# Well,  What happened was............



## frodo (Mar 18, 2015)

the reason i have not been around,

i switched Television provider companies.

I had Direct Tv. At $130.00 a mth. I switched over to franklin co. telephone co.
at $40.00 a mth. bundled with phone and computer.
So. I had the guys come out and install their box's, paid $100.00 deposit. and the $100.00 connect fee
to be spread out over 3 mths. Seems I joined during their billing period. So I did not get a bill for the new service. BUT, The next billing cycle. i was prorated and double billed, ANd the connect fee was added to it.
my service . My mthy service is $130.00 for phone,pc,tv
so the bill was $360.00. I is a po Mo FO. Do not have 360 hanging around. I had to wait till I had it

after I paid the 360.00 i was also charged 100. for the mth I did not use,
and a NEW reconnect fee!!!!!!!!!!!
565.00 total!!!!!!!!!!!!!!!!!!!!!!!!!!!!!!!!!!!!!!!!!!!!!!!!!!!!!!
$%#(&%^&#)*&&%$$^^#)&^$


----------



## nealtw (Mar 18, 2015)

Ouch, we were thinking of sending out a search party.


----------



## slownsteady (Mar 18, 2015)

Thought you got bored of us. Anyway, did you try having a discussion with customer service?


----------



## mmb617 (Mar 19, 2015)

I had cable, phone and internet through our local cable company to the tune of $200/month. There's never anything worth watching on TV, and the only calls we got on the landline were from telemarketers so I knew it was time for a change. I dropped the phone and TV service and put an antenna on the roof. I did keep the 75 Mbps internet service but saved $125/month. Well worth it in my eyes.


----------



## frodo (Mar 19, 2015)

slownsteady said:


> Thought you got bored of us. Anyway, did you try having a discussion with customer service?
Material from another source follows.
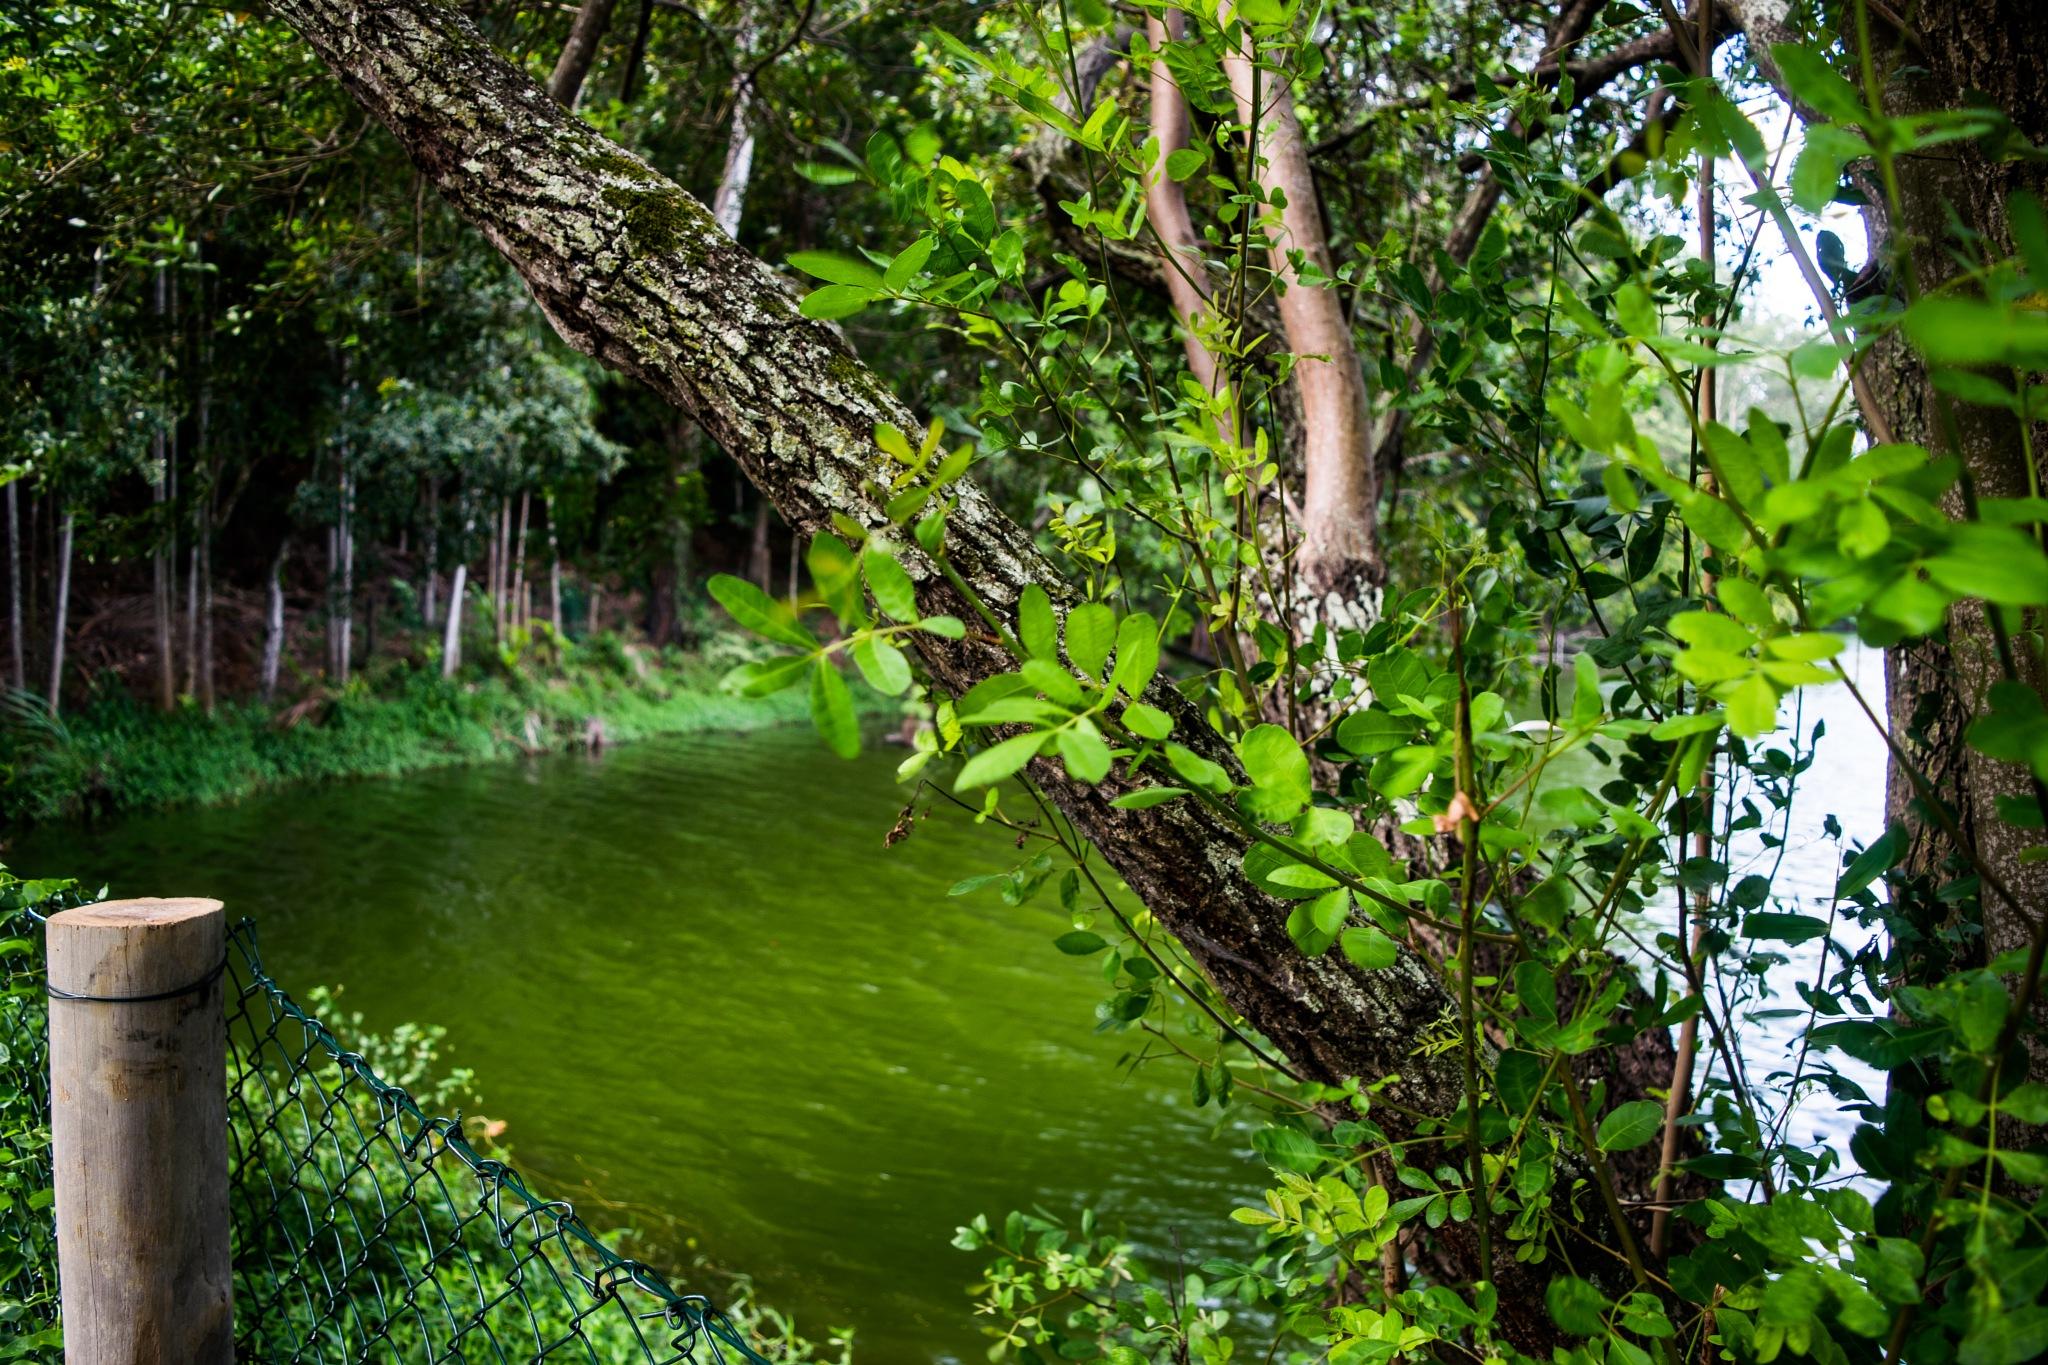 Lagoa Parque Botânico da Vale by Leandro Moura

it just gets better and better,  I woke up this morning and the screen was black on the Tv in the livingroom,  then a message rolled on the screen....
settop box not authorised....contact provider...

so, at 830 am,  I called my provider.   
I was informed, that a technichan would be dispatched to my home at a price of $100.00,  for a connection fee.  OH!!!!!!HELL NAH!!!!!!!!!

I paid 100.00 bucks yesterday, for "connection"  and if their is a problem
you fix it.

NO<  I was informed,  their would be a charge,  

I hung up, cussed the wall,,,,the dog, the cat,  
then I called their general manager.

I told him....OH   HELL NAW!!!!!  I already paid for connection,  if it did not connect,  do it again!!!!!!!!!!!!!!

he clickity clacked on his computer, we found out their was a computer glitch
took us 5 minutes to fix....and no 100.00 charge

I think that lady is trying to get my pressure up


----------



## Chris (Mar 19, 2015)

Grass aint always greener is it?


----------



## frodo (Mar 20, 2015)

Chris said:


> Grass aint always greener is it?





after its all said and done.  i'm saving $90.00 a mth from where  was.


----------



## Rumi (Apr 26, 2015)

I'm glad to hear you finally had a victory and a somewhat happy ending frodo!

I admit I was expecting a continued nightmare story, which seems to be how these blasted things go. :hide:

Good for you!  :::


- by the way, I got a kick out of your signature.


----------



## buffalo (Apr 27, 2015)

I think on the news I saw a option coming where you can pay for select channels. I know out of the 300 I have , I watch mayBe 10?


----------



## mmb617 (Apr 27, 2015)

buffalo said:


> I think on the news I saw a option coming where you can pay for select channels. I know out of the 300 I have , I watch mayBe 10?



That would be great but I don't see it happening. It would be hard for the provider to justify the $100+/month charge for 10 channels, but it's easy when they say you're getting 300 channels even though you only watch 10. 

And you can bet you're never going to buy those 10 channels for $10/month.


----------



## slownsteady (Apr 27, 2015)

Verizon FIOS is offering smaller packages and add-ons that come with specific themes (like sports, golf, etc).  you can also get HBO as a separate subscription, but you have to have a smart TV or hook it up to a computer ( which will be standard in the near future IMO)
 But the cable companies are hanging on to the old ways for now.


----------